All of this was tethered to my Gung Gung, my grandfather who wouldn’t let me leave his house without eating something, who taught me how to count change at our family grocery store, who always dressed like the Chinese Mafia, and who passed away just one month after I gave birth to my first child. Soon after, my Asian American roots began to feel like my Gung Gung -- a memory drifting further away with the passing of time. With the passing of time also came the isolation from family.
The tricky thing about shame is that it festers in silence, becoming more powerful with every decision we make to isolate ourselves. No one knew that better than the Samaritan woman at the well in John 4. Her shame grew by the day, overtaking her joy and freedom. John 4:6 says she visited the well around noon, a strategic decision since everyone else would’ve made their trip in the early morning to avoid the heat of the sun. This woman may have been like the others in appearance, but not in essence, so she worked to suppress the parts of her story that would garner attention.

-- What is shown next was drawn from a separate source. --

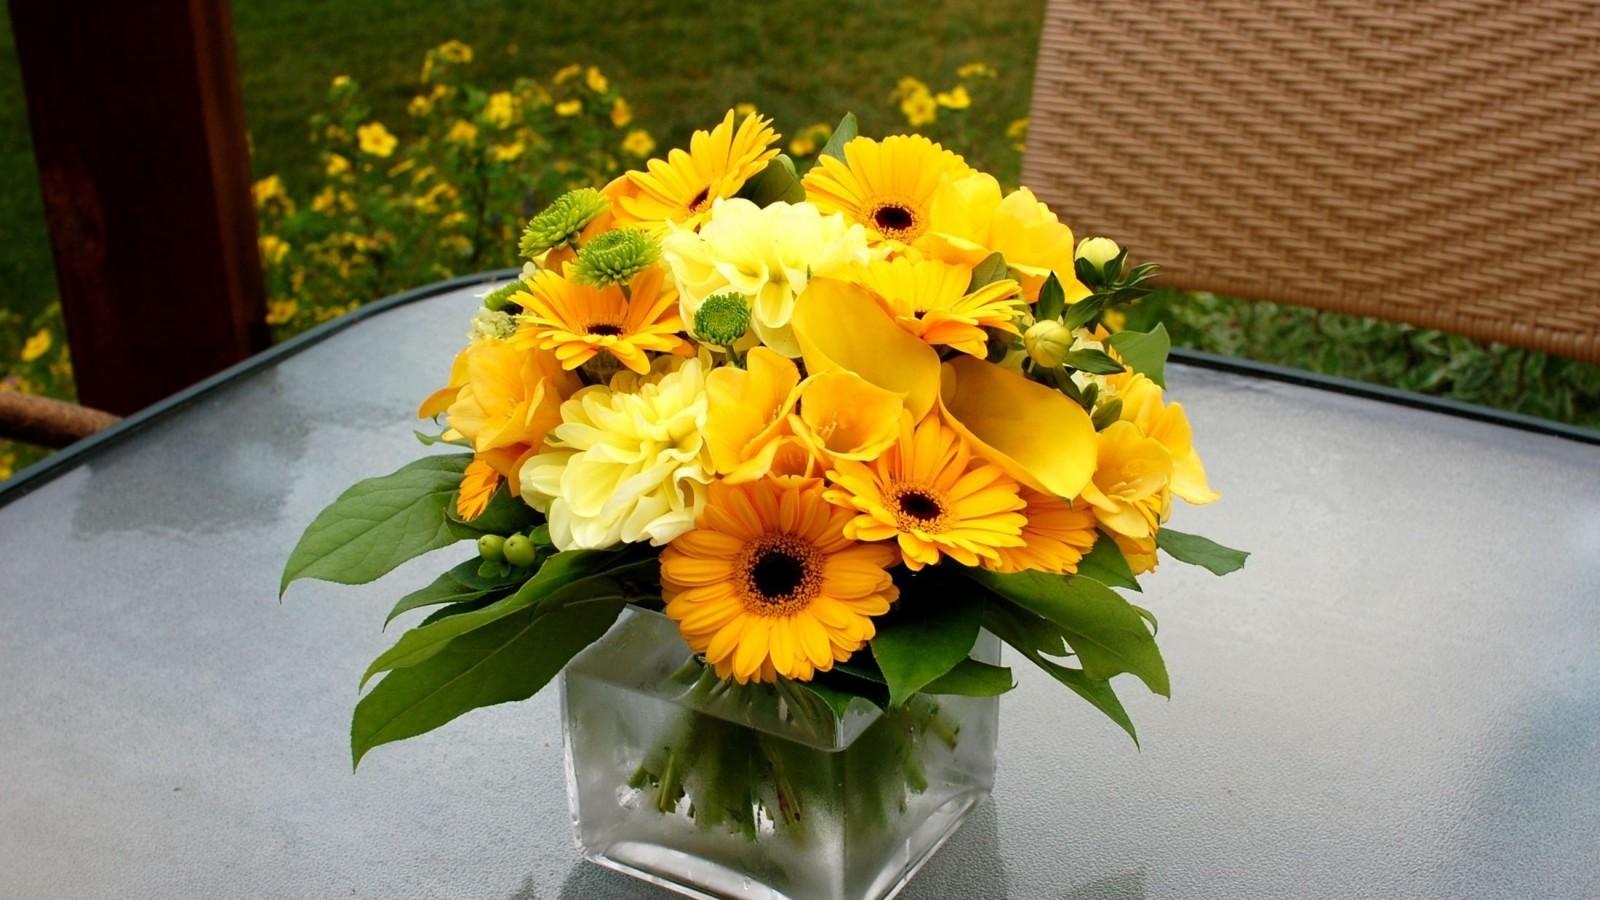 17068 Hintergrundbild herunterladen Sonnenblumen, Pflanzen, Blumen, Still-Leben - Bildschirmschoner und Bilder kostenlos

Then Jesus entered the scene. He saw her, and not only for the person she pretended to be. Jesus, a Jewish man who was an assumed enemy of the Samaritan people, made this Samaritan woman whole again. He saw all of her story, breaking down gender and racial barriers to recover her joy. In one radical move, Jesus proved that you don’t have to be the same to remove someone’s shame.
I experienced this same life-changing truth several months after Gung Gung died. I laid quietly in bed, stretching out my limbs and listening intently to the monitor as my husband went to fetch our daughter. My groggy spirit was quickly jolted awake by the sound of two distantly familiar words over the speaker: Jo Sun, which means “good morning” in Cantonese. Nostalgia caught in my throat and joy pumped through my veins as I realized the truth: wholeness doesn’t require sameness. In fact, the power of God’s Kingdom is that He unites such different people under a banner of love and mercy. Unity, not uniformity, is what makes the people of God so astounding. Unity, not uniformity, is what makes us powerful.
There is beauty in the diversity of the story I’m building -- just like my white husband who speaks Cantonese to our children, just like our family meals that are a hodge-podge of ethnic cuisine, and just like our Savior who has declared a purpose for every page in our story. No part of my identity is lost or diminished by the addition of difference, even the different parts of my own background, because Jesus takes the diversity of my earthly heritage and combines it with the beauty of His eternal inheritance. The joy of finding freedom is that I won’t ever stop reading the story God has written for me. The joy of knowing Jesus is that He makes space for my differences. The joy of becoming whole is that the Father is now my anchor, my memory, the puzzle where my pieces fit.